Frequent occurrence: Patient comes in and I ask, “Have you ever been here before?” “No.” They’ll often say. “This is my first time.” Then, after the hearing test they ask, “So has there been any change in my hearing?”
Visits are scheduled by appointment only. At a particularly busy portion of a day, one couple walked through the full waiting room and waited outside my door. When I opened it to retrieve the next patient, the woman said, “We don’t have an appointment. Are we next?”
After attempting to answer a patient’s question as to what possible treatment a family doctor might offer, I realize the futility when I’m asked, “A decongestant? What’s that, a pain reliever?”
Top three winning responses after these instructions: “Now I’m going to say some words and I’ll just ask that you repeat them. Say the word baseball.”
Second runner up reply: “The word baseball.”
Runner up reply: “What do you mean?”
Winner: “Out loud?”
Honourable Mention: “So I just push the button here when I hear the word?”
A lady, after trying on her first hearing aid, begins to complain: “Is everything supposed to sound louder?”
A mother, not quite knowing how to regain her young son’s cooperation and good behaviour pulls him aside and I hear her threaten, “If you don’t behave -- Do you see that man there? If you don’t behave that man is going to get very mad at you!”
A not entirely thin five year old was seen for a hearing evaluation as part of an educational assessment which means that little Johnny isn’t doing so well in school and recommendations have been made to have his eyes tested, and his ears tested. After the hearing evaluation was finished, the little guy’s mother began going through the list: “Well, it’s not your eyes and it not your ears. We’ll just have to keep looking.” Johnny replied “It’s my stomach.” “Why?” asked his mother. “I don’t learn so good when I’m hungry and I’m always hungry."

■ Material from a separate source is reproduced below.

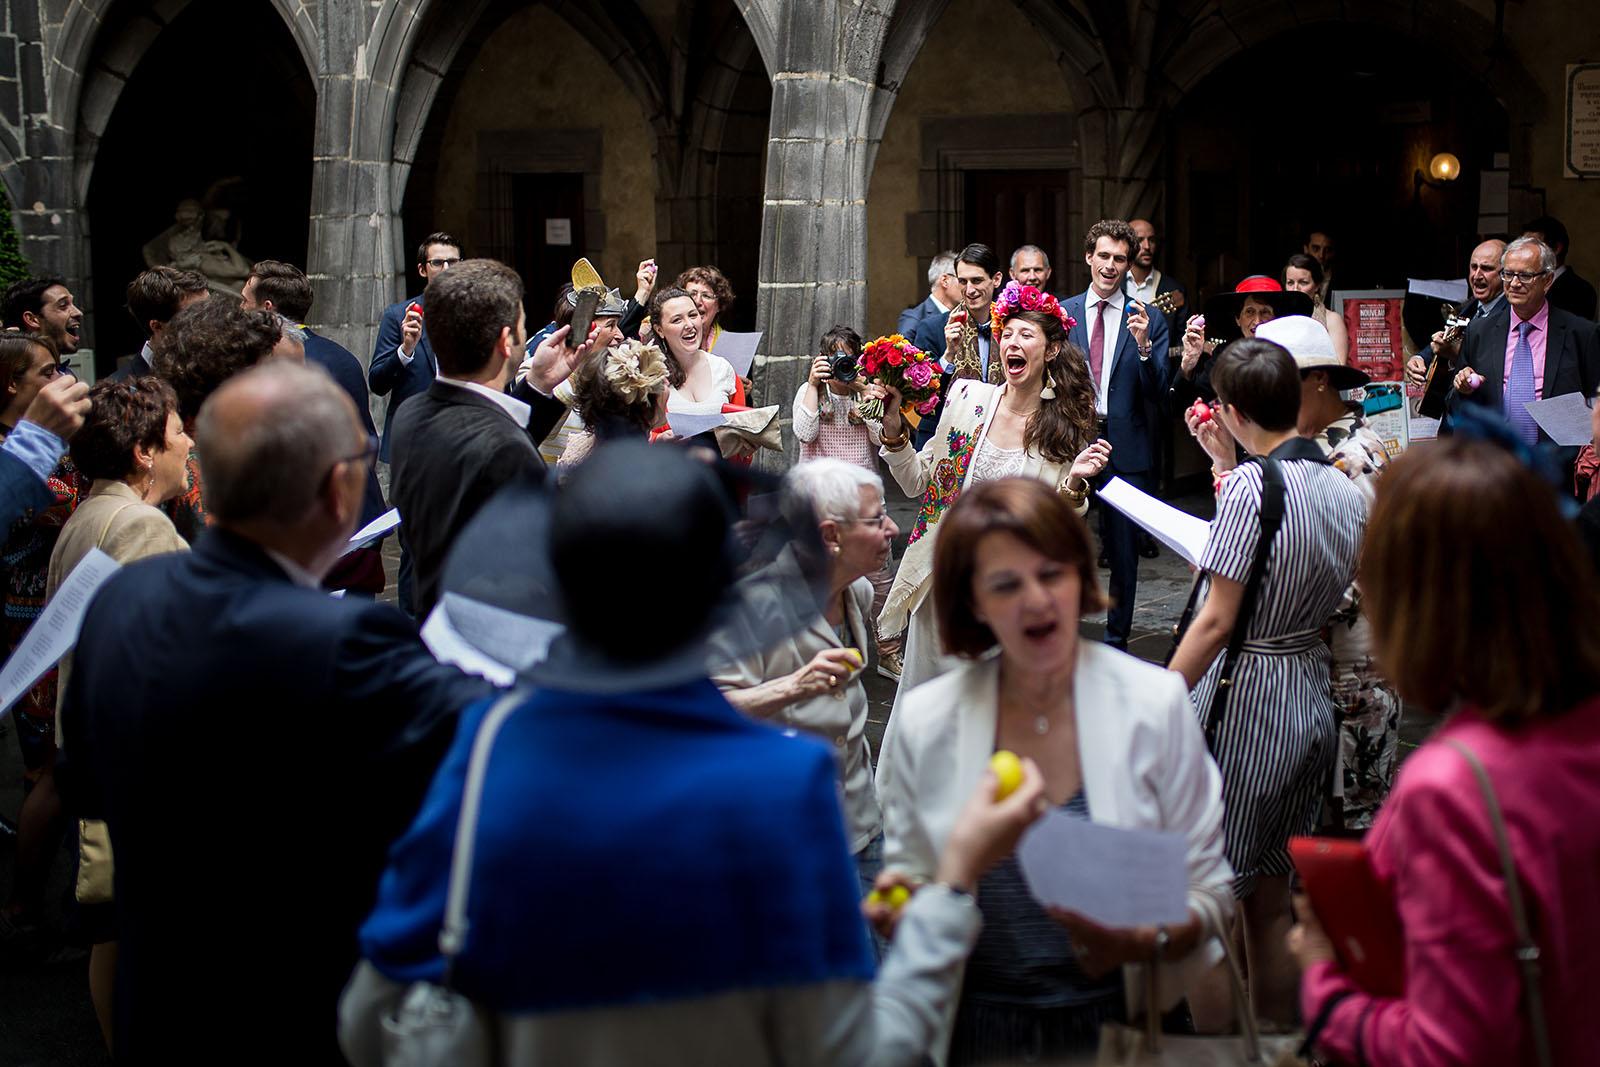 Photographe de mariage à Clermont Ferrand La mariée joyeuse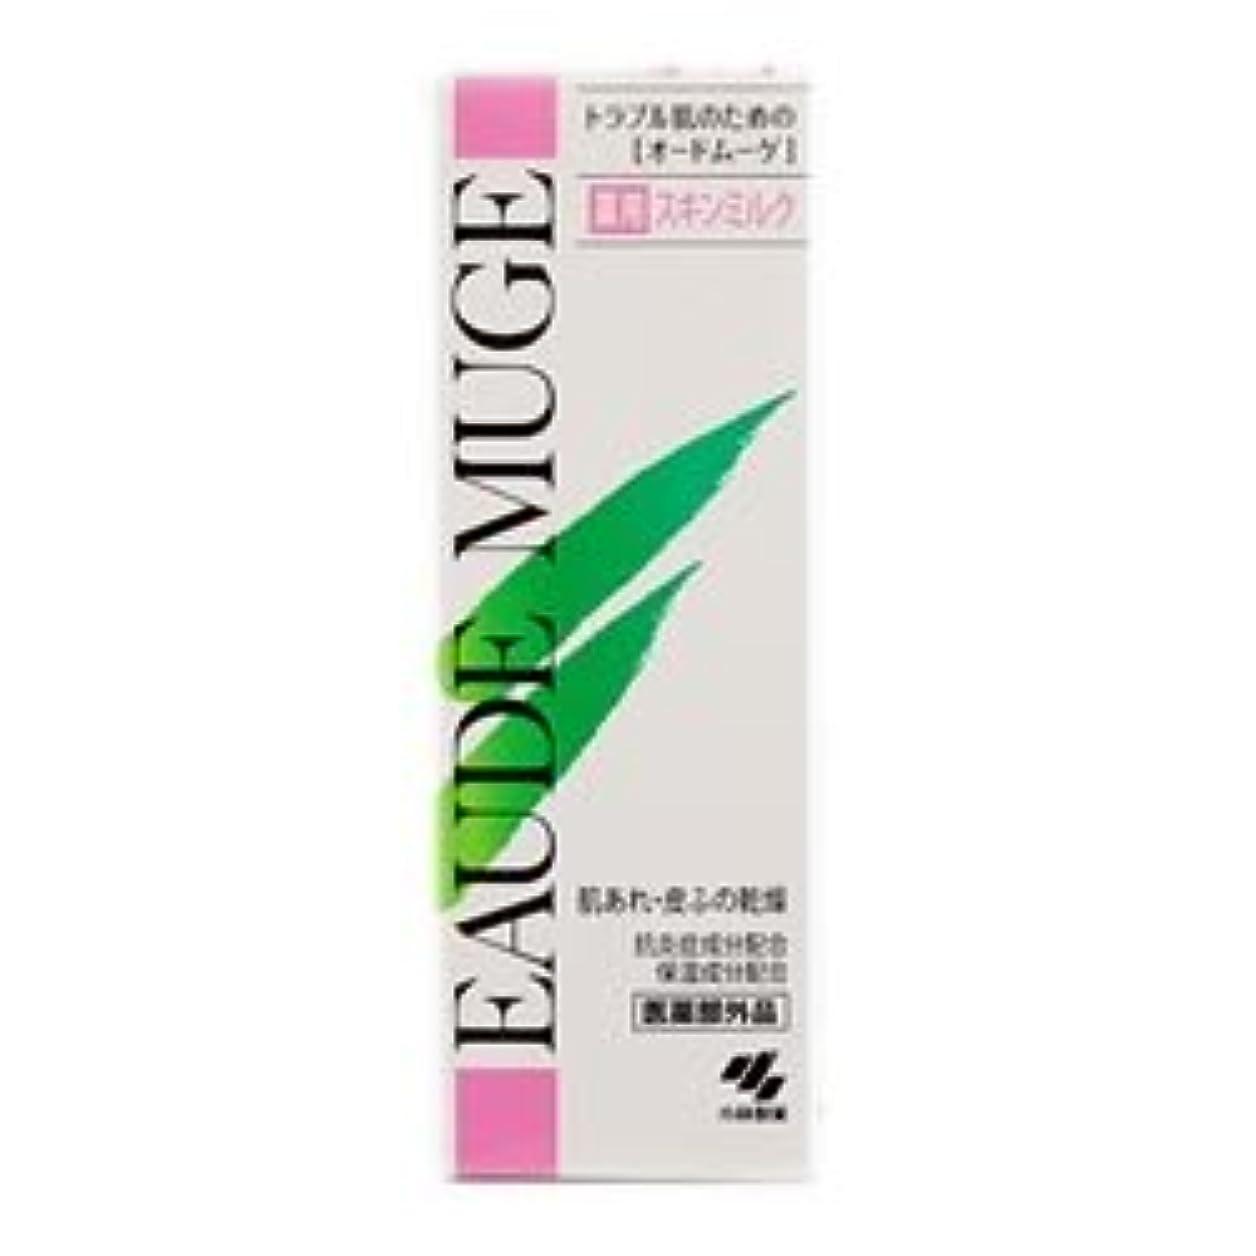 長々とリマーク生き返らせる【小林製薬】オードムーゲ薬用スキンミルク 100g ×3個セット

“Do your ears have anything to do with your head?” (A lady asks, who is wondering why her hearing is being tested while her primary concern is dizziness)
A little girl in grade two was very upset. You see she had never uttered a word in school for the entire two years there and was displeased to find that her foster mother had shown the video to her teacher of her speaking freely and effortlessly at home. I guess they just accepted that given her difficult past they assumed it to be her norm. She was actually quite a pleasant little girl and I had no difficulty speaking with her when performing the hearing test. She verbally responded to my questions and it was only at the end of the assessment that the foster mother relayed the story to me. Rather amazed by the story and pleased that the little girl had felt comfortable enough to speak with me I said goodbye as they left the clinic. The little girl, also pleased with her performance smiled back waving and said with an ‘Ill see you soon intonation’; “Goodbye! I talk to strangers!”
A mother describes the diagnosis of her daughter as microcephaly and then comments, “My sisters also have small heads so I think it’s headitary.”
A man indicates that his mother had hearing loss. He says “I’m pretty sure it’s generic.”
Somebody called me the other day to book an appointment to see me. I had to give them the toll free number where they take and arrange those appointments for me. I never know if the person at the other end has a pen in their hand and so there are a couple ways to handle that. I’ve asked ‘Do you have a pen there?’ But I don’t want to insult the person, especially if they are the one that asked me for the number. Why on earth would they ask for a phone number if they didn’t have a pen ready to write it down? This one fellow asked, “What’s the number there?” So I waited a moment, in case he wanted to say “Wait a minute, I’ll get a pen.” and then after the short silence I began, “One, eight hundred...” when he interrupted me. “Wait. I’ll go get a pen.” I don’t understand that. What did he think I was going to say? “Five.” The toll free number to my office is five. You don’t need a pen to write that down. Just remember it. Five.